Experimental autoimmune encephalomyelitis (EAE) is a T cell-mediated disease initiated by antigen-specific CD4(+) T cells. Signaling through CD28 is a critical second signal for activation of T cells, and CD28 knockout (CD28KO) mice have been reported to be resistant to induction of EAE. We now report that CD28KO mice have no intrinsic defect in mediating disease, because they developed EAE after passive transfer of primed T cells. After immunization, peripheral T cells from CD28KO mice were primed and developed memory phenotype, but had decreased antigen-specific IFN-gamma production as compared with cells from wild-type (WT) animals. Reimmunization of CD28KO mice brought out clinical disease and increased IFN-gamma production in vitro. Pathologically, there were cellular infiltrates in the central nervous system, in contrast to single-immunized mice.

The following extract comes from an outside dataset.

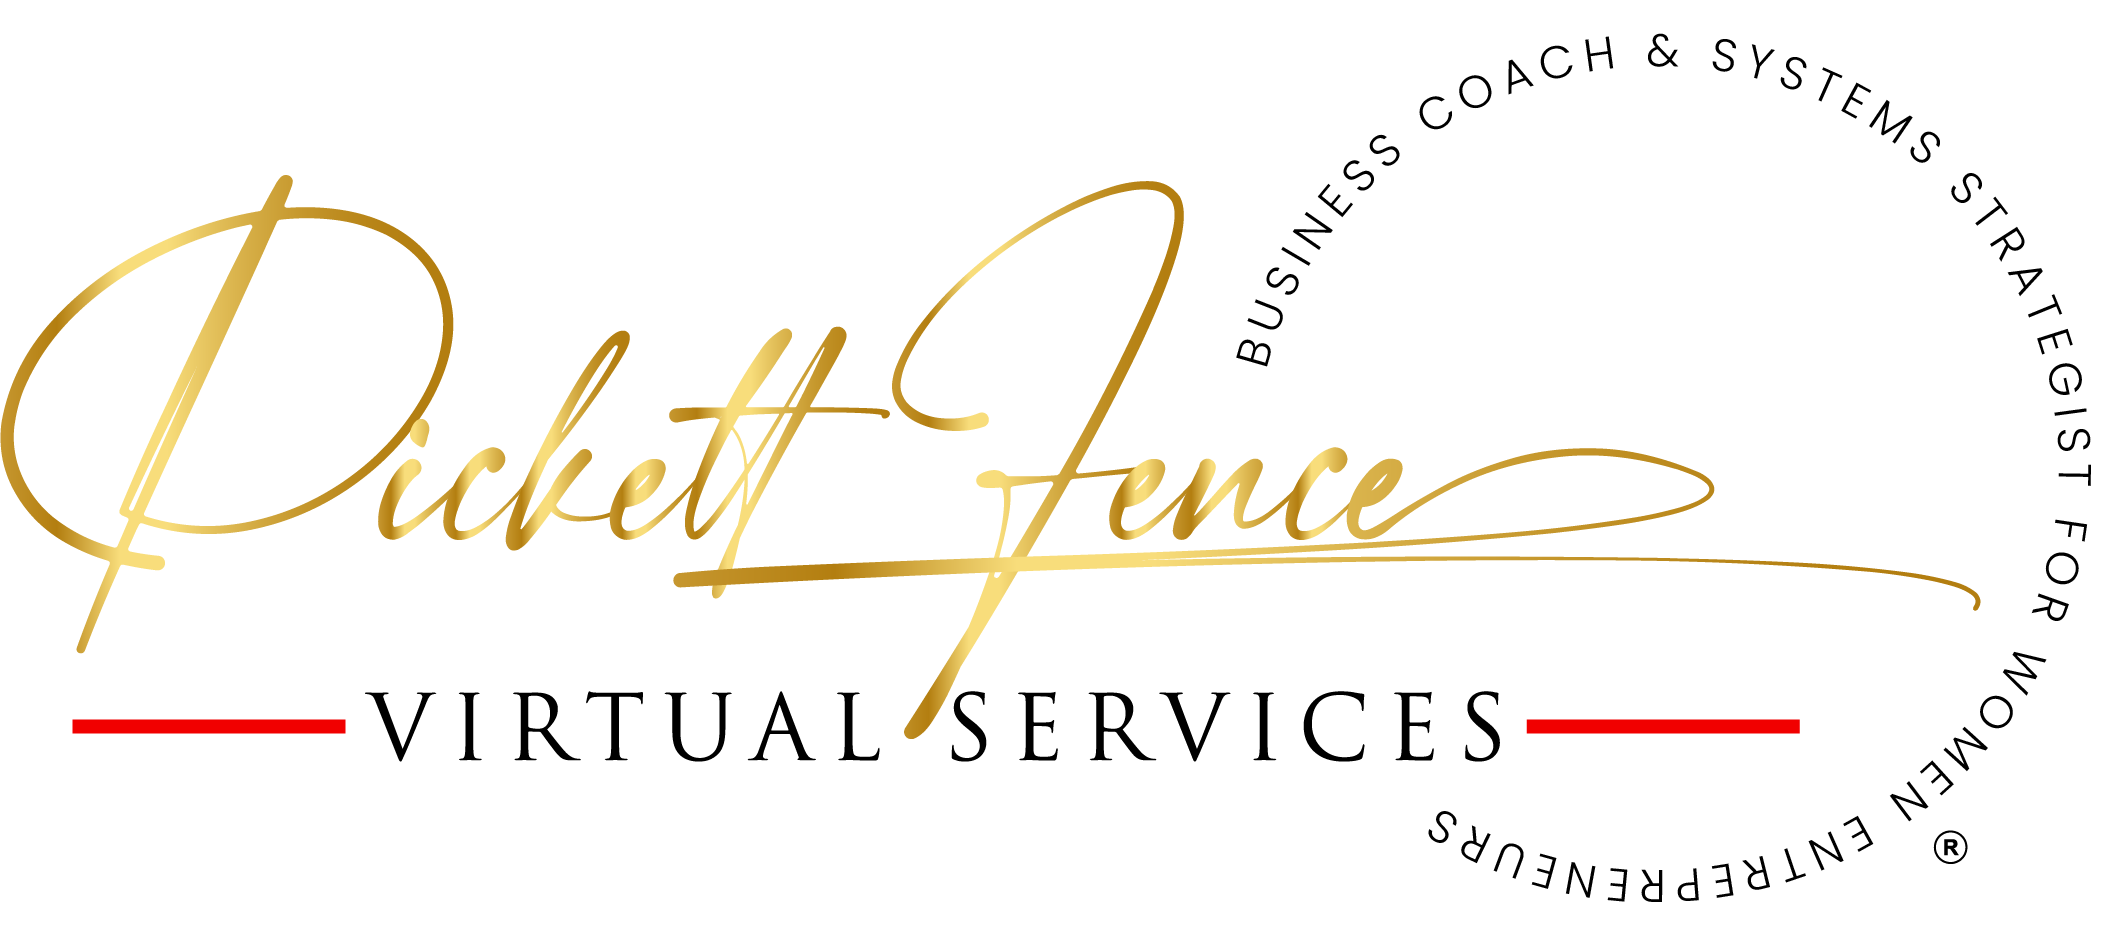 Pickett Fence Virtual Services

We show furthermore that blocking B7-1 or CTLA4, but not B7-2, in CD28KO mice induces disease after a single immunization. Thus, EAE can be induced in animals lacking CD28-dependent costimulation, suggesting that alternative costimulatory pathways were used. Blocking the OX40-OX40L costimulatory pathway differentially affected disease induction in CD28KO mice as compared with WT controls. Our data show that EAE may develop in the absence of CD28 T-cell costimulation. These findings have implications for therapies aimed at blocking costimulatory signals in autoimmune diseases.

Figure 1

EAE is suppressed in CD28KO mice. A representative experiment showing disease induction in C57BL/6 WT mice (filled squares) and CD28KO mice (open circles). Mice were immunized with MOG p35-55 and graded for disease daily. The mean daily grade for each group (n = 5 mice per group) is shown. The incidence was five of five in the WT and one in five in the CD28KO mice; the mean maximal grade was 2.7 in WT and 0.1 in CD28KO (P < 0.0001).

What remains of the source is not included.